We store transaction data for accounting and taxation purposes for six (6) years after the end of the year during which the last transaction took place.

We store Profile Data and Marketing and Communications Data for a maximum on two (2) years after the last use.

We store Registration and Diet Data for as long as necessary for organising the event in question.

We store Technical Data and Usage Data for 24 months after the time of collection.

Data may also be stored for a longer period if we have a legal obligation to store the data or if the storage is necessary for the establishment, exercise or defence of a legal claim in a legal process.

  1. HOW CAN YOU EXERCISE YOUR DATA PROTECTION RIGHTS?

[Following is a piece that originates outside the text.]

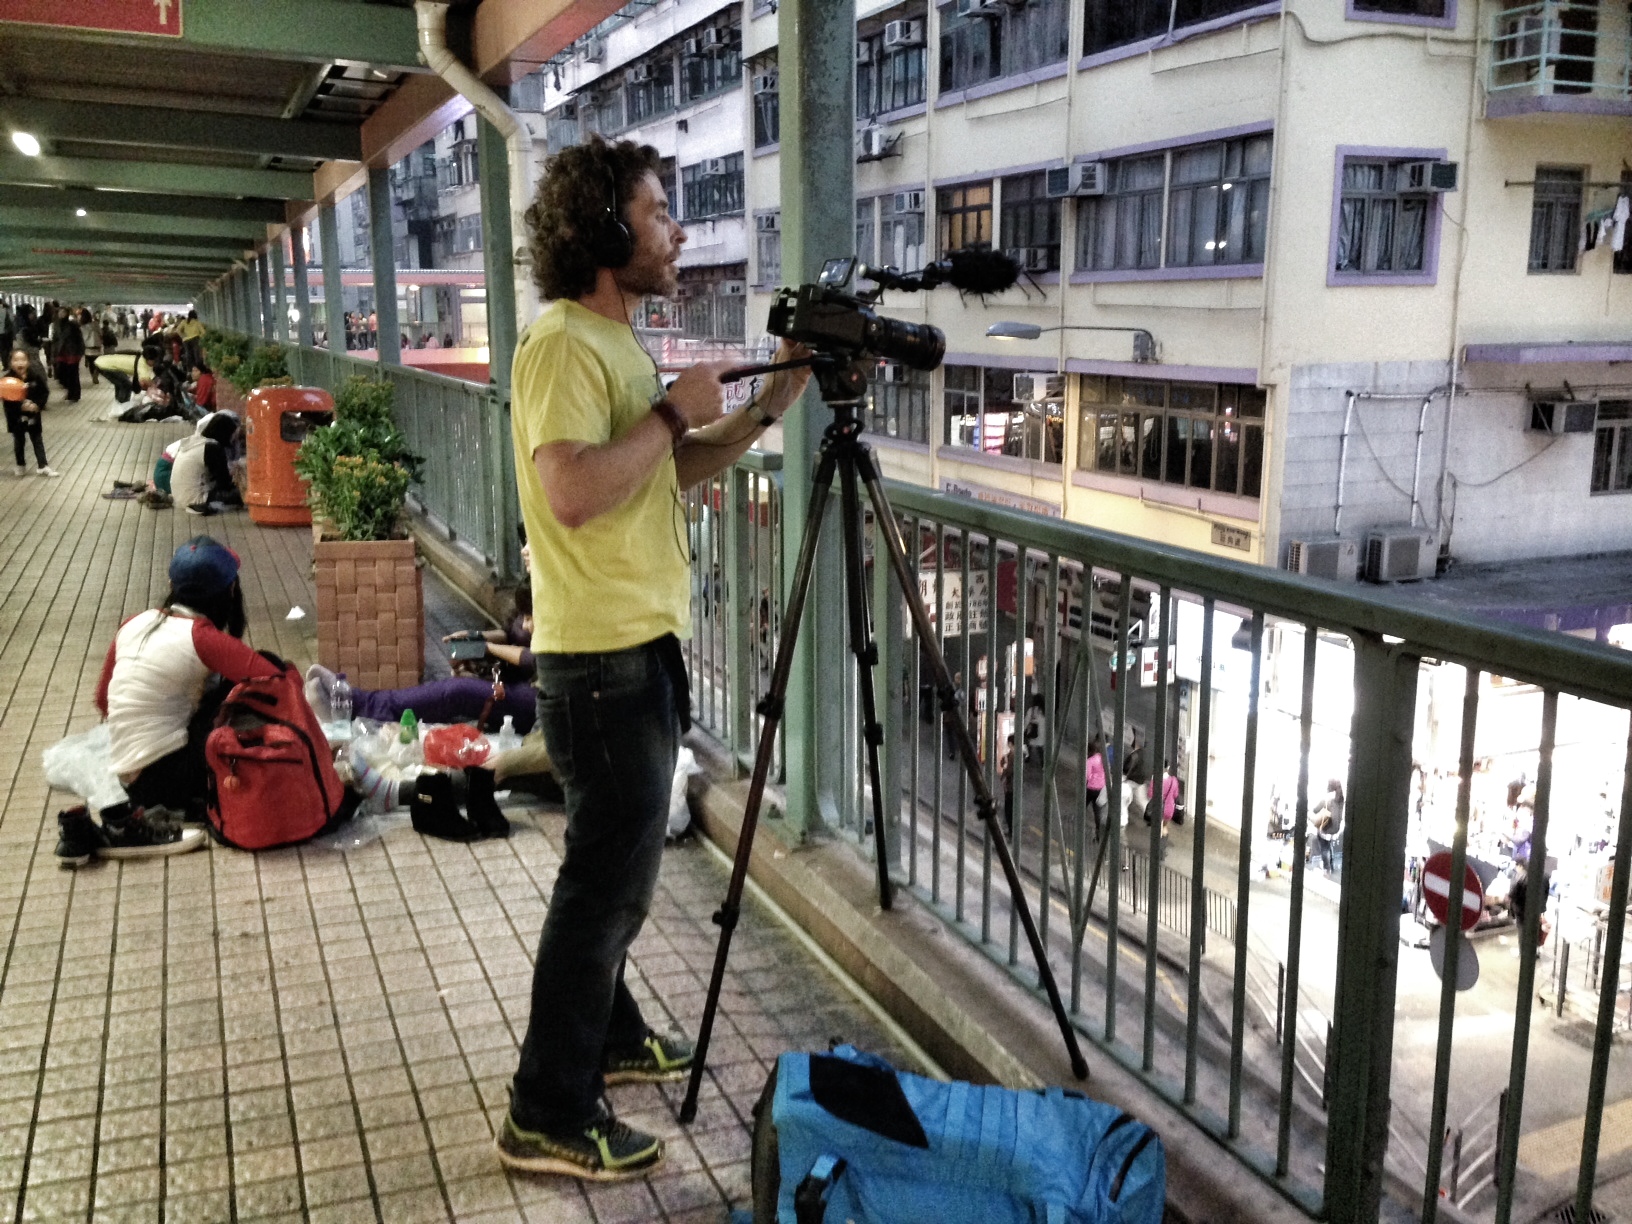 Filming street scenes in Mong Kok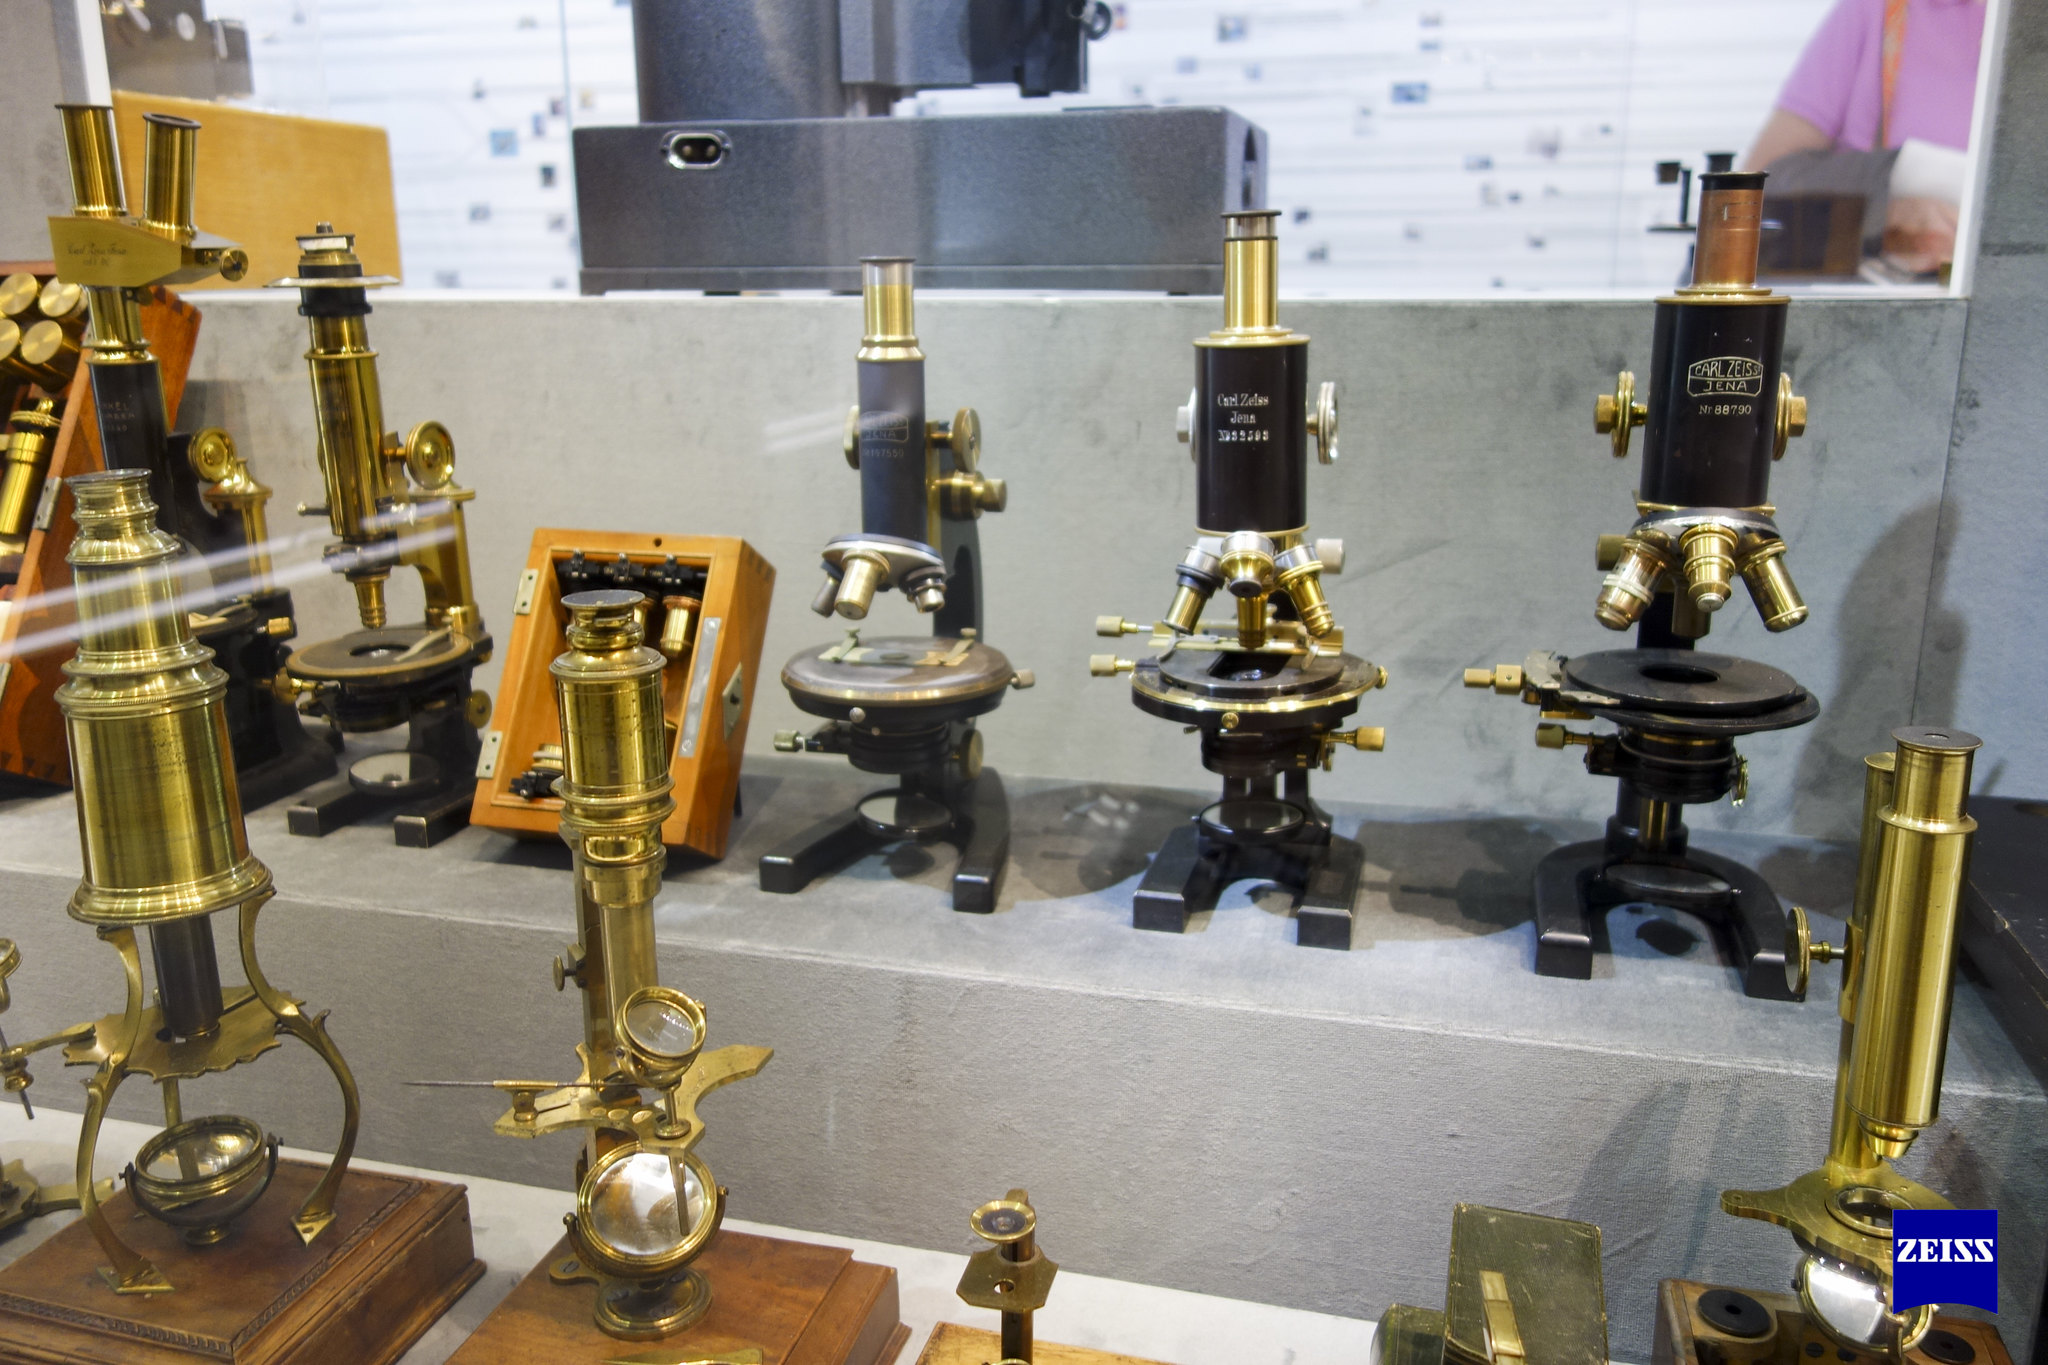 Telescopes inside the Zeiss museum of optics

You have several rights related to your personal data. Below is a concise list of these rights, along with information on how to exercise them and their limitations.

When certain conditions are met, you have the following rights:

  • Right to request access to your personal data. This right allows you to have a copy of all the personal data we store about you and to ensure that we process the data lawfully.
  • Right to request the rectification of your personal data. Under this right, you may request we rectify any inaccurate or false data concerning you.
  • Right to request the erasure of your personal data. Under thig right, you may request we erase or move your personal data when the appropriate basis for processing the data has ceased.
  • Right to object to the processing of your data when the basis of processing is our legitimate interest (or the legitimate interest of a third party) and you have a specific personal reason to restrict the processing. You will also always have the right to restrict the processing of your data for direct marketing purposes.
  • Right to request restricting the processing of your personal data. Under this right, you may request we stop the processing of your personal data, for example, while you ensure the accuracy of the data or the validity of the lawful basis of processing.
  • Right to request the transfer of your data between systems.
  • If the processing is based only on your consent, you have the right to withdraw your consent at any time. However, withdrawing your consent does not affect the lawfulness of the processing of personal data that has taken place before the consent was withdrawn.

If you wish to exercise any of the aforementioned rights, you can contact us via e-mail at tietosuoja@erillisverkot.fi. When you have contacted us, we will fulfil your wishes in accordance with data protection legislation.

You have the right to make a notification to the national data protection authorities if you are dissatisfied with the way in which we process your personal data. In Finland, the notification is made to the Data Protection Ombudsman at https://tietosuoja.fi/en/notification-to-the-data-protection-ombudsman.

  1. CHANGES TO THE PRIVACY NOTICE

This privacy notice may be updated, as necessary, to reflect changes in the legal and operational requirements. We recommend visiting our website regularly to learn about our updated data protection policies.